Trabalhador da Petrobras, Wilton Valença foi demitido por justa causa sem
inquérito administrativo e sem direito de se defender e também foi perseguido,
passando a viver de biscates, após a cassação.
Homenagem
a Wilson Lins
O jornalista e escritor Wilson Lins, morto em 2004, é apontado por
Sebastião Nery como um dos articuladores do golpe, entre civis. Integralista
assumido e militante, Lins foi eleito presidente da Assembleia após as
cassações, dando nome (depois) a um dos anexos da Casa, onde funcionam
gabinetes dos deputados. Em seu depoimento, Nery reafirma fatos narrados em seu
livro A Nuvem, e conta ter sido
convidado por Lins para participar de reuniões conspiratórias, em unidades
militares de Salvador, antes mesmo da derrubada do presidente João Goulart.
O depoimento de Sebastião Nery é especialmente contundente ao apontar
Wilson Lins como executor, na Assembleia Legislativa, das ordens vindas da 6a.

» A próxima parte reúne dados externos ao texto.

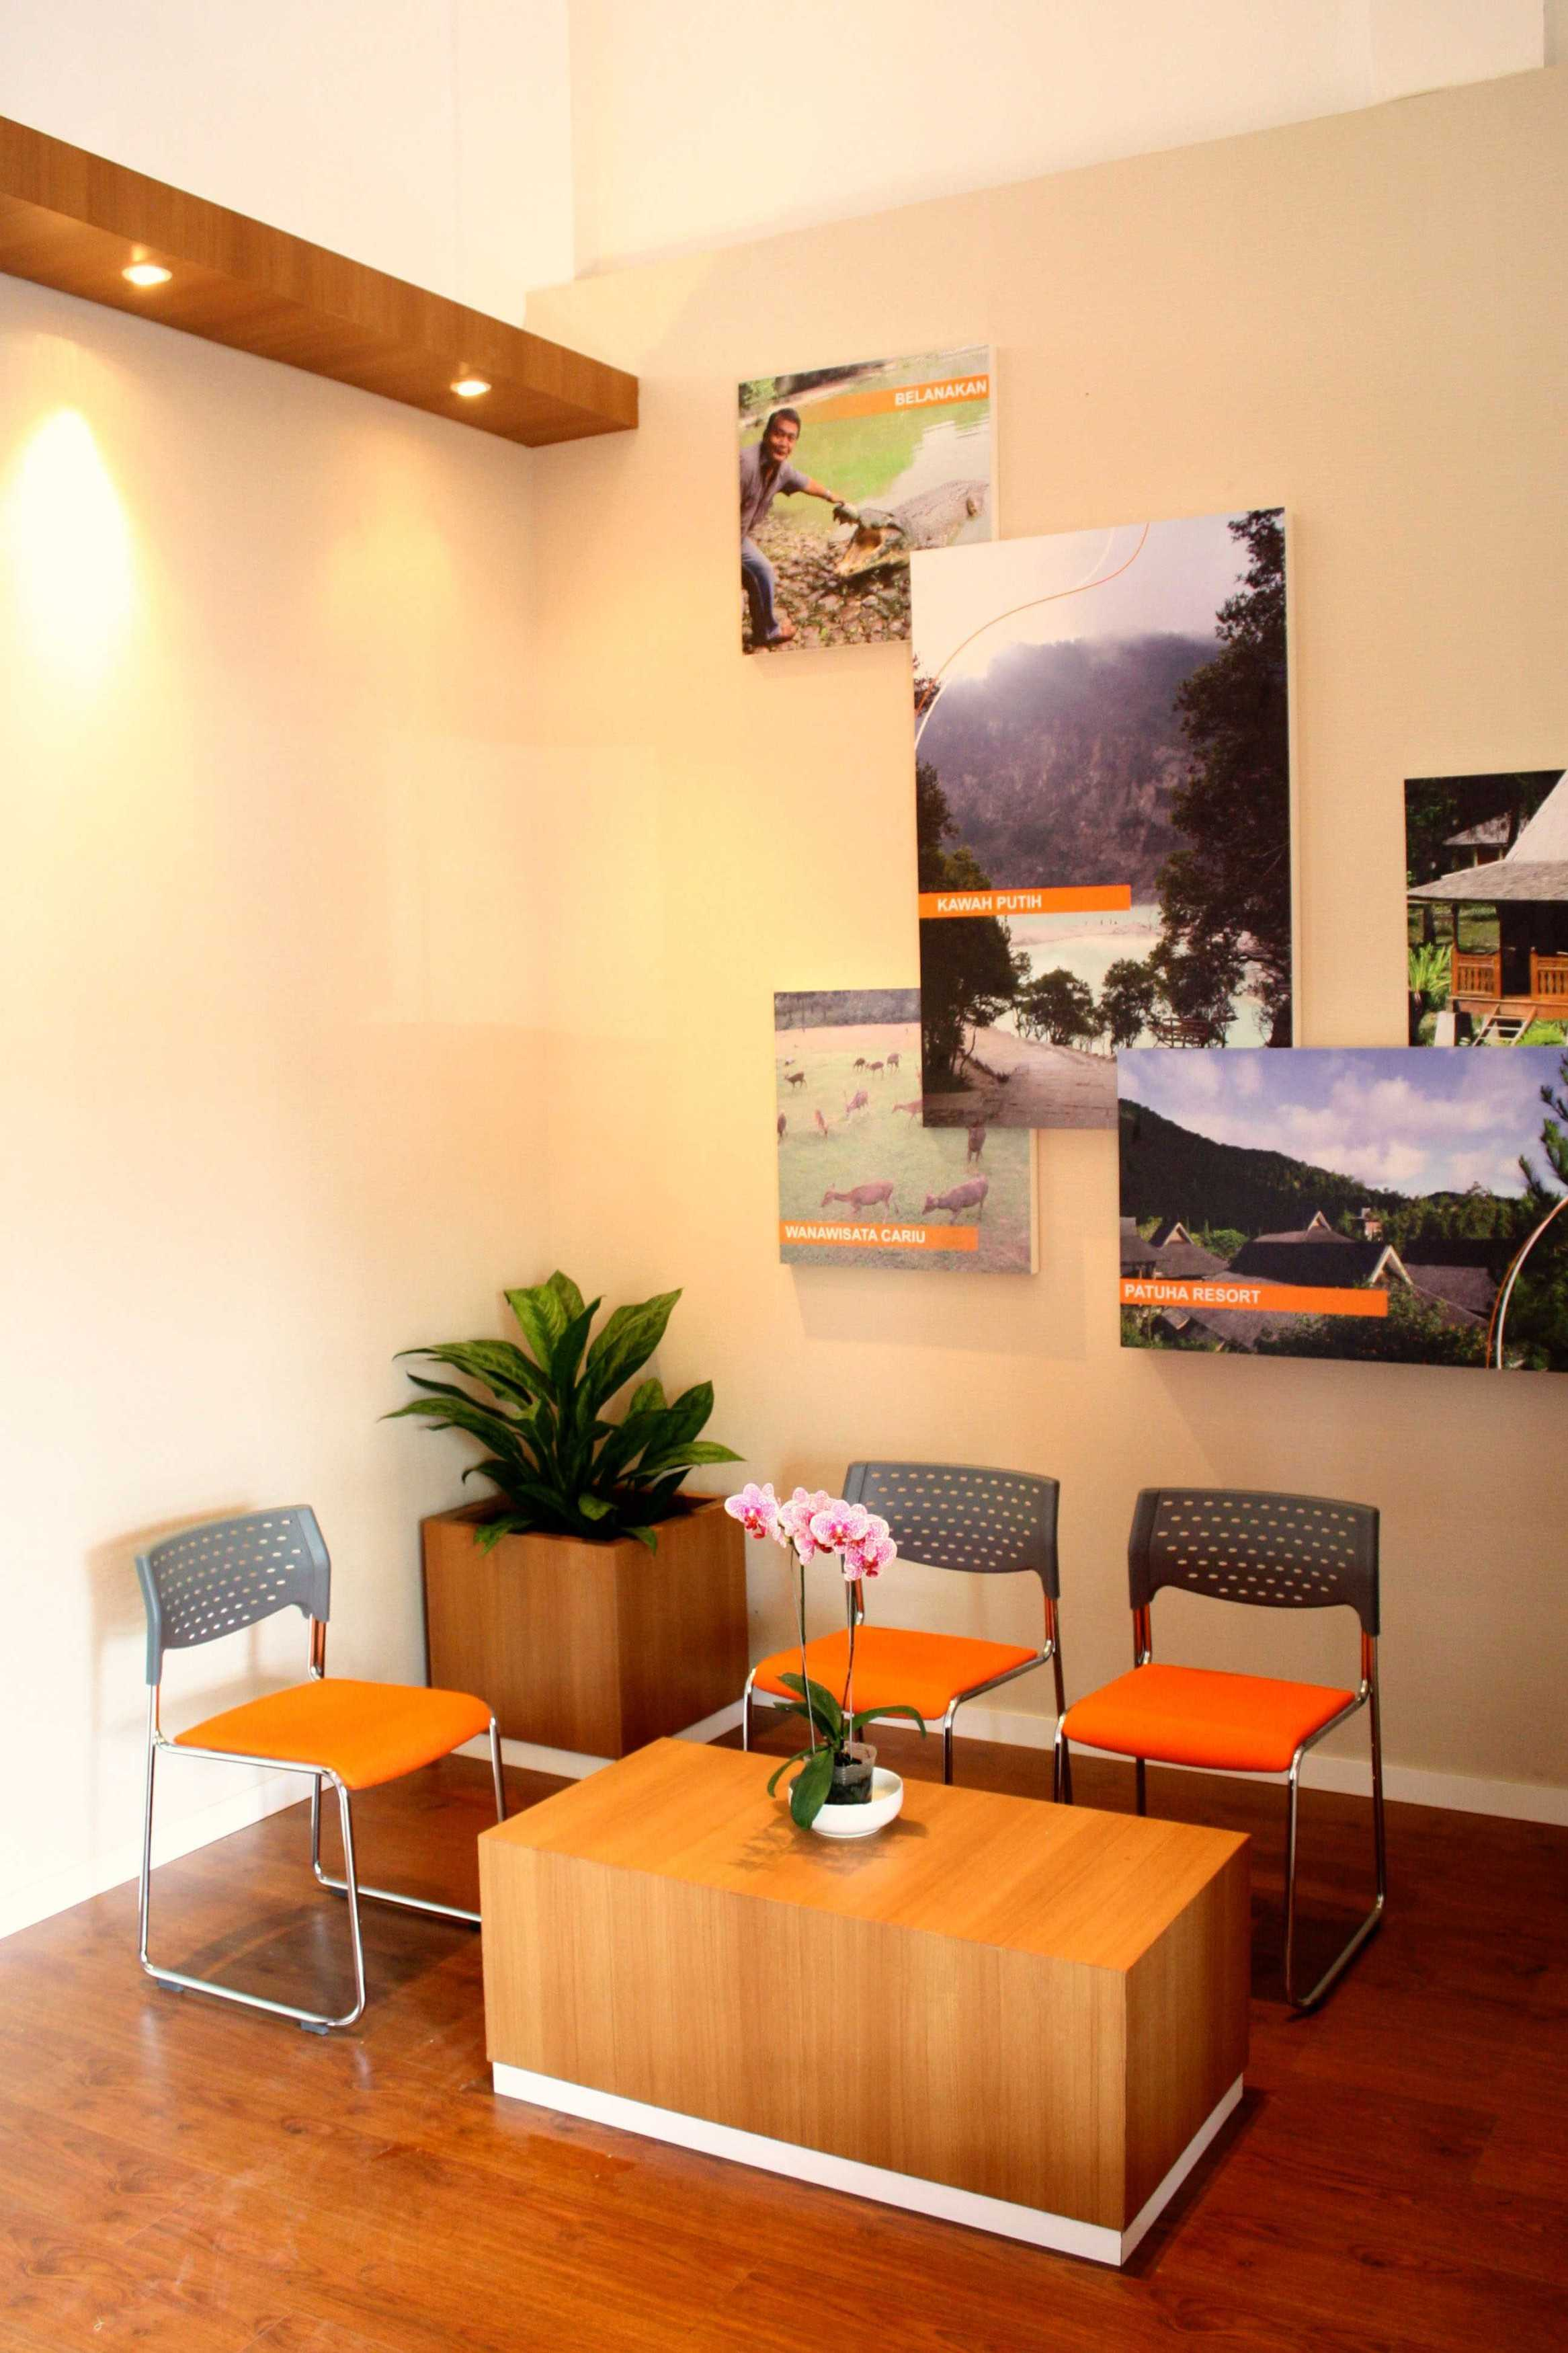 Gia Ginanjar Ecotourism Centre Perhutani Laswi, Baleendah, Bandung, Jawa Barat 40375, Indonesia Laswi, Baleendah, Bandung, Jawa Barat 40375, Indonesia Gia-Ginanjar-Ecotourism-Centre-Perhutani Modern <P>Lobby</p> 55726

Região Militar, escolhendo quem deveria ser cassado. O relatório da Comissão da
Verdade aborda o assunto e trata da possibilidade de abrir o debate sobre a
proposição da mudança do nome do prédio. Marcelino Galo adverte, no entanto,
que "não pode haver precipitação para evitar injustiças”. A decisão sobre
o encaminhamento do assunto, esclarece o presidente da Comissão, caberá à
Assembleia Legislativa.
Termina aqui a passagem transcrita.